Caros super amigos Luís e Vinhal:
Aqui vai mais uma folha arrancada das minhas memórias.
Recebam um grande abraço extensivo ao meu querido amigo Magalhães Ribeiro.
Passem bem, mesmo muito bem.
Rui Silva
Como sempre as minhas primeiras palavras são de saudação para todos os camaradas ex-Combatentes da Guiné, mais ainda para aqueles que de algum modo ainda sofrem de sequelas daquela maldita guerra.
Das minhas memórias: “PÁGINAS NEGRAS COM SALPICOS COR-DE-ROSA”
O REGRESSO (muita sorte!)
Quando, e precisamente aos 5 de Janeiro de 1967, logo de manhã cedo, sinto, sob os meus pés, as rodas do trem de aterragem de um DC6, agora na frota militar, a deslizarem na pista do aeroporto de Bissalanca deixando a Guiné, disse para comigo: “Estou safo!!”

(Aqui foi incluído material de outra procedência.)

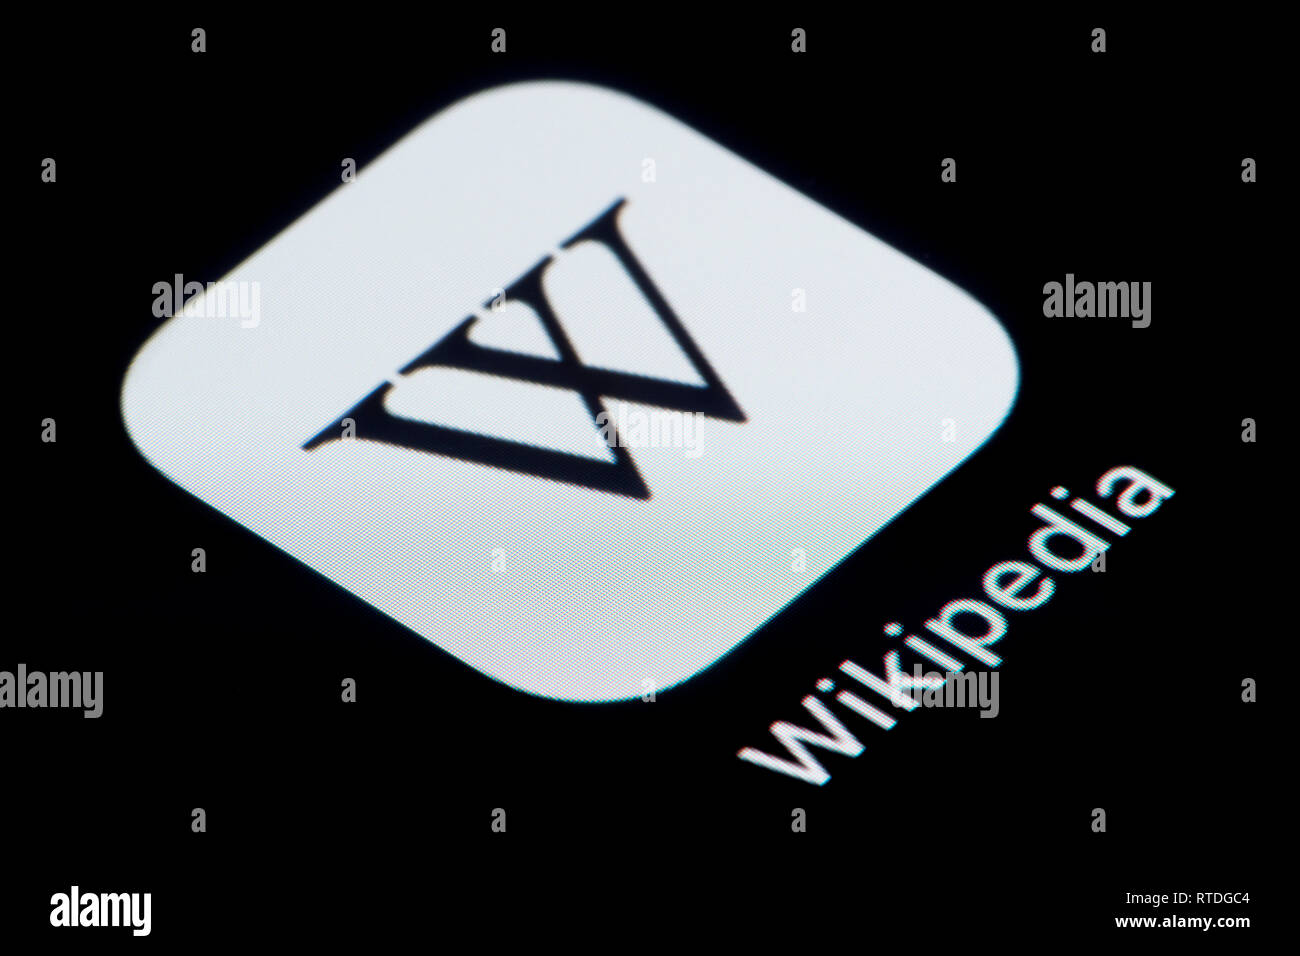 Un gros plan de l'icône de l'application wikipedia, comme on le voit sur l'écran d'un téléphone intelligent (usage éditorial uniquement) Banque D'Images

Registei esse momento. Ele dizia muito. Rara sensação.
Deixei a Guiné mais cedo um mês do que a minha Companhia. Vim evacuado para ser operado no Hospital da Estrela, a um joelho. Acidente no aquartelamento do Olossato a… jogar futebol.
A minha Companhia esteve sempre em campanha, sempre no mato, durante 21 meses, e eu, portanto, 20.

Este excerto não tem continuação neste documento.